The whole listing needs retyping exactly; keep the pictures out of it.

▶ **GIVEN DATA**
__________________________________________________

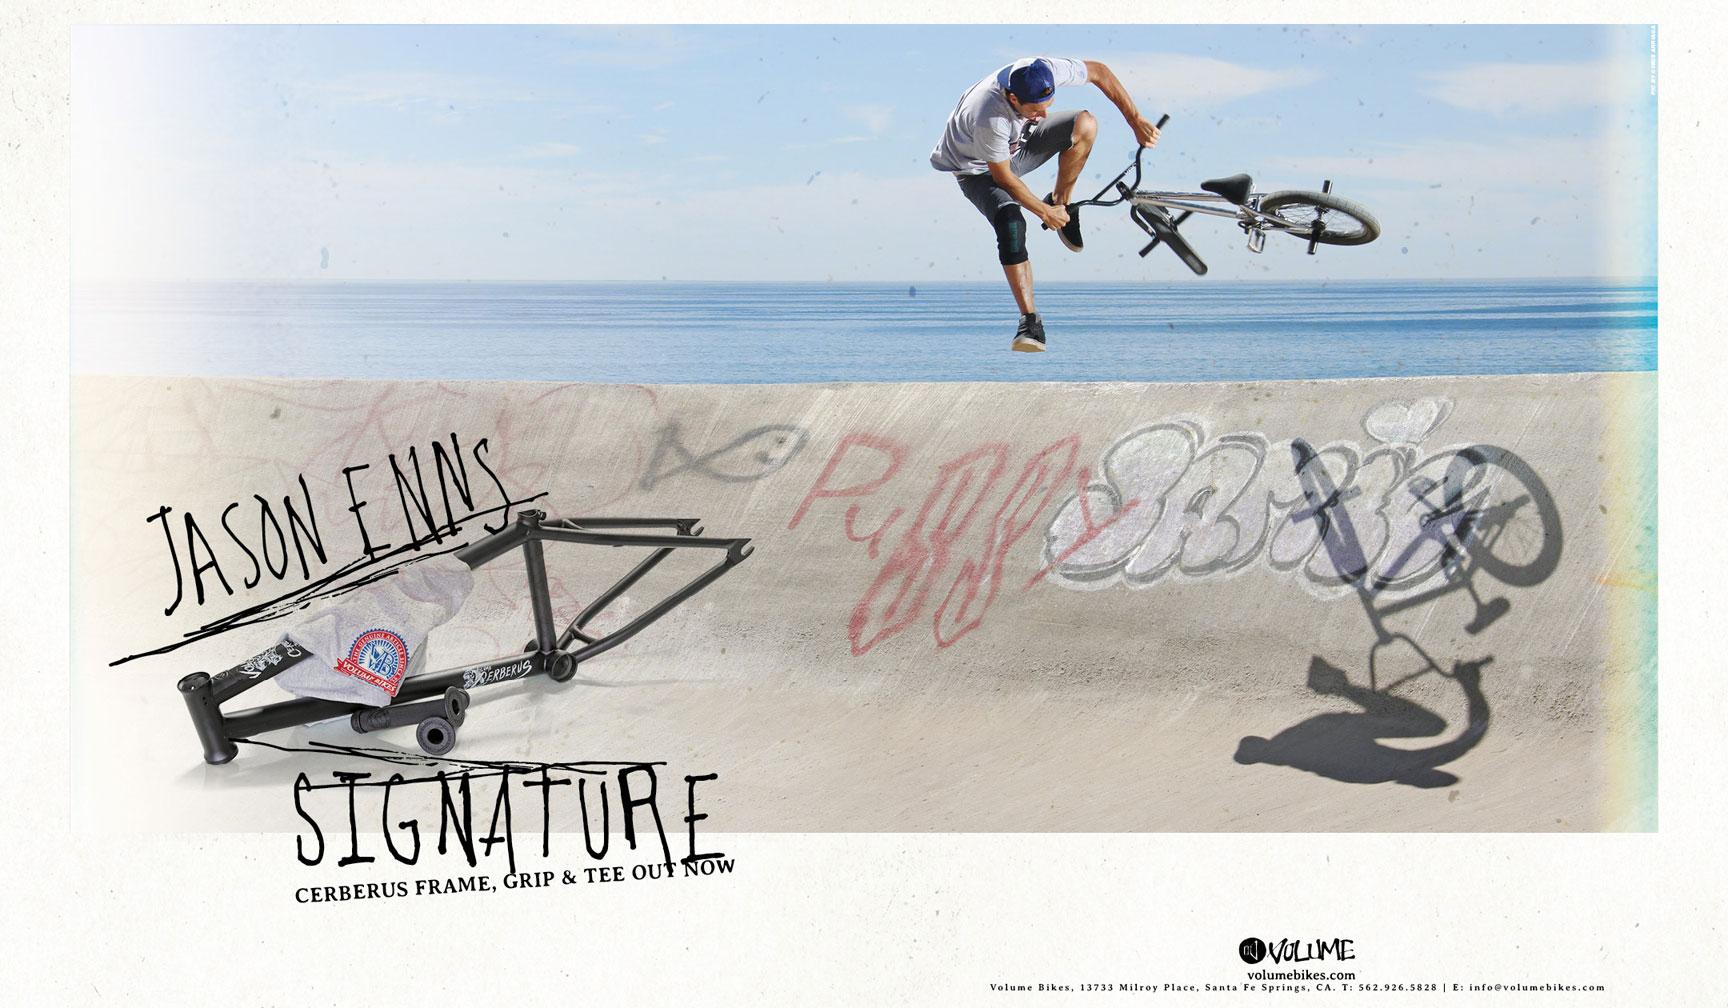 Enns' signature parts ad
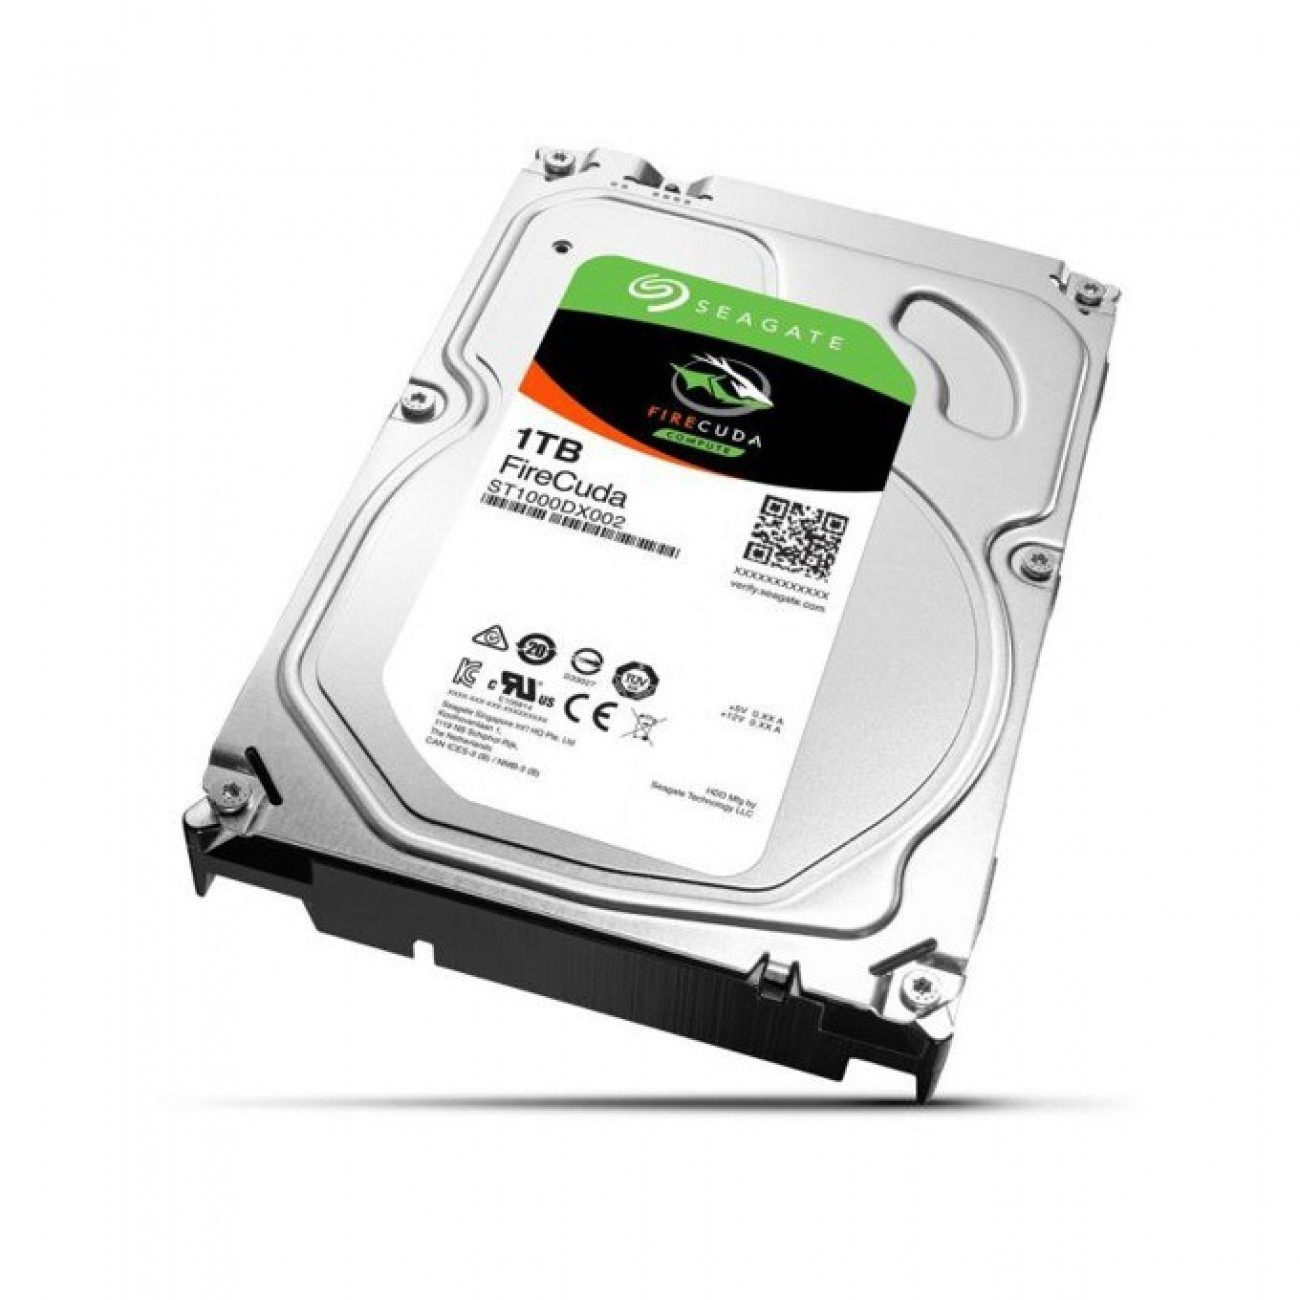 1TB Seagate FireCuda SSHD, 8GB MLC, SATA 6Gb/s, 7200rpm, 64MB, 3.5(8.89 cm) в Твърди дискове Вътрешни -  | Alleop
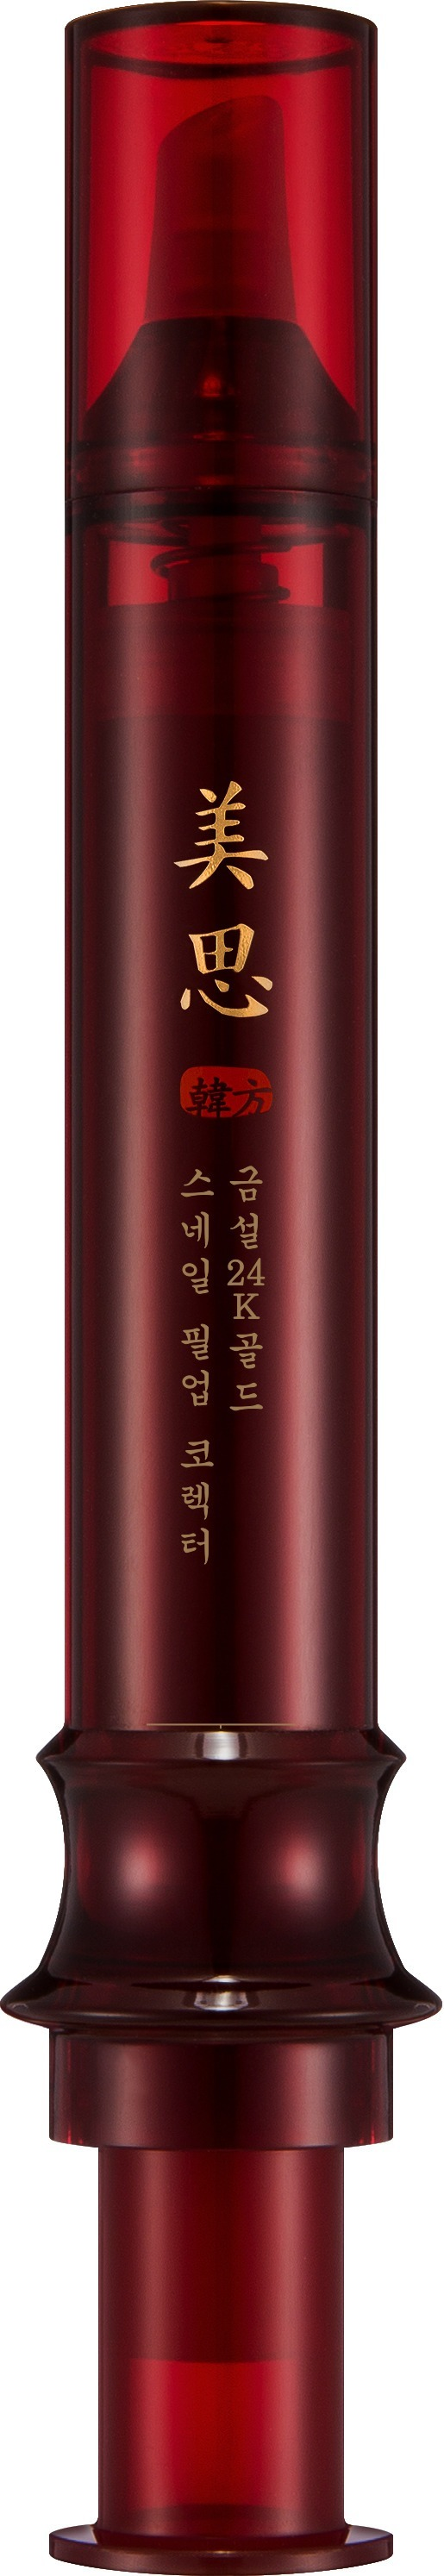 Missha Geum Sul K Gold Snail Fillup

__________________________________________________

▶ **WORKED SOLUTION**
 Enns' signature parts ad
 1TB Seagate FireCuda SSHD, 8GB MLC, SATA 6Gb/s, 7200rpm, 64MB, 3.5(8.89 cm) в Твърди дискове Вътрешни -  | Alleop
 Missha Geum Sul K Gold Snail Fillup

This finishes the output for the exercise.